Conclusions: There is a high level of variability in the ORCHA scores of DHIs across different health care domains. This suggests that there is an urgent need to improve compliance with best practices in some health care areas. Possible explanations for the observed differences might include varied market maturity and commercial interests within the different health care domains. More investment to support the development of higher-quality DHIs in areas such as ophthalmology, allergy, women’s health, sexual health, and dental care may be needed.

JMIR Mhealth Uhealth 2023;11:e47043

doi:10.2196/47043

Keywords



According to a report from 2021 [1], there were more than 350,000 digital health interventions (DHIs) available in the app stores. And in 2020, more than 91,000 DHIs had been added to app stores, which amounts to 251 DHIs per day (on average). Moreover, searches for DHIs within app stores have also increased [2]. A potential catalyst for this could have been the COVID-19 pandemic and restricted access to incumbent services. Nevertheless, these findings clearly indicate that the public has a great interest in the use of DHIs.

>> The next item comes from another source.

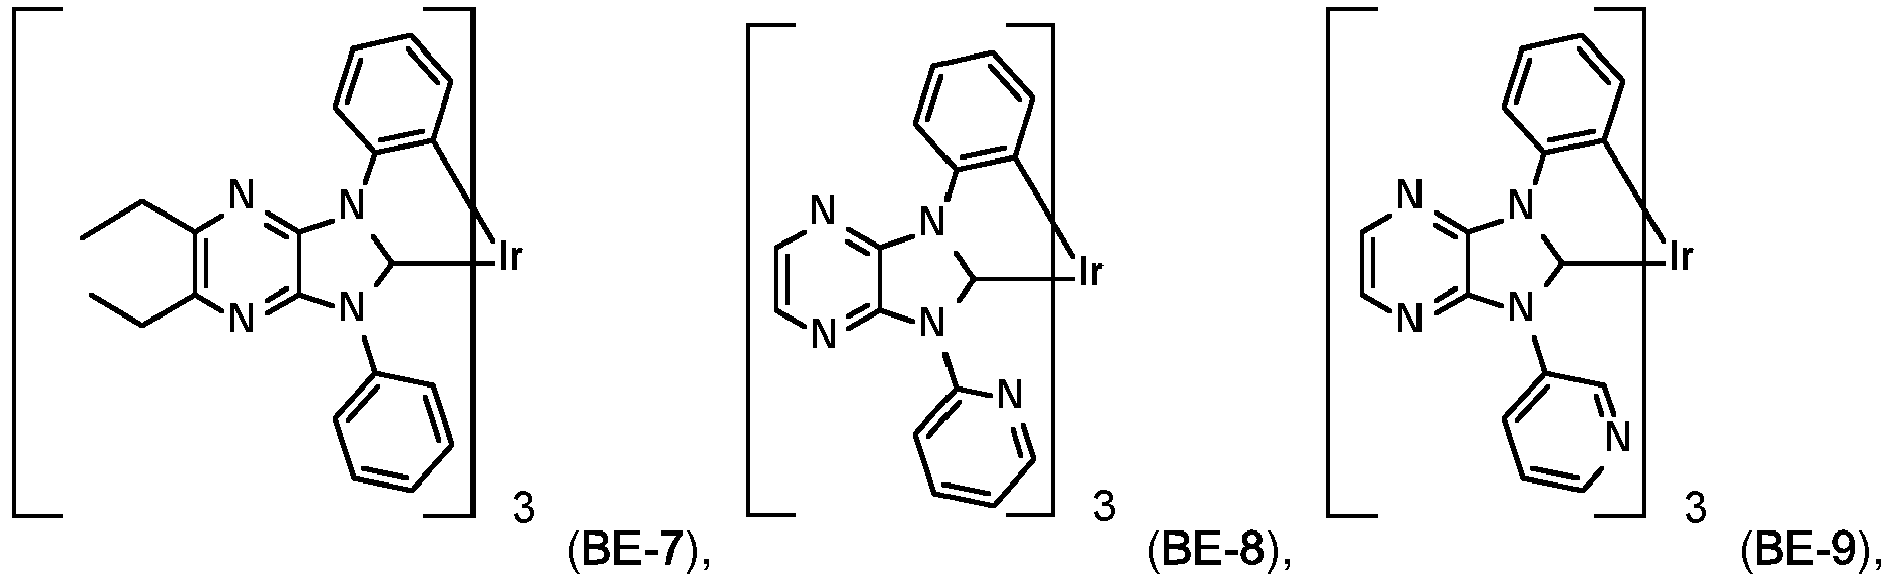 Figure imgb0754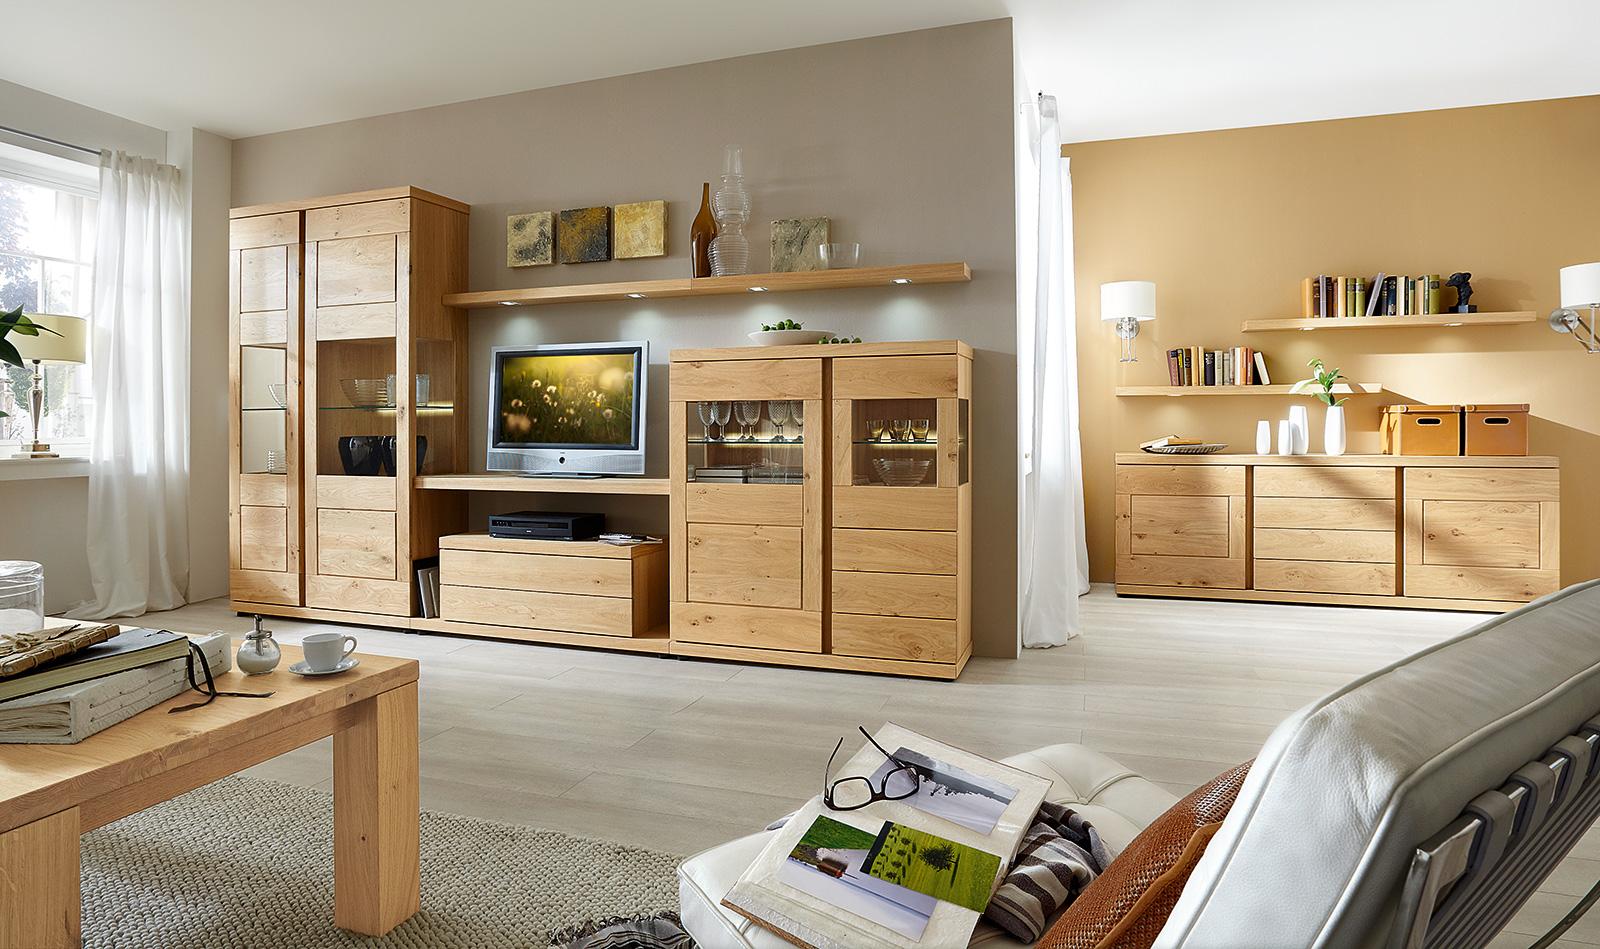 wohnzimmer programme next level 6 0 venjakob m bel vorsprung durch design und qualit t. Black Bedroom Furniture Sets. Home Design Ideas

However, some of these DHIs may contain harmful content. For example, a study from 2016 [3] conducted a systematic assessment of suicide prevention and deliberate self-harm mobile apps. The study found that some of the apps encouraged risky behaviors, such as the uptake of drugs. Similarly, reviews across different health care domains have demonstrated that many DHIs raise safety, security, or data privacy (DP) concerns [4-8], include incomplete or misleading medical information [9,10], or have not been supported by sufficient scientific evidence [5,6,11]. This indicates that the assessment of DHIs for adherence to best practice standards is critical to ensuring user safety and DHI’s effectiveness, as well as allowing health care professionals to confidently recommend DHIs to clients or patients.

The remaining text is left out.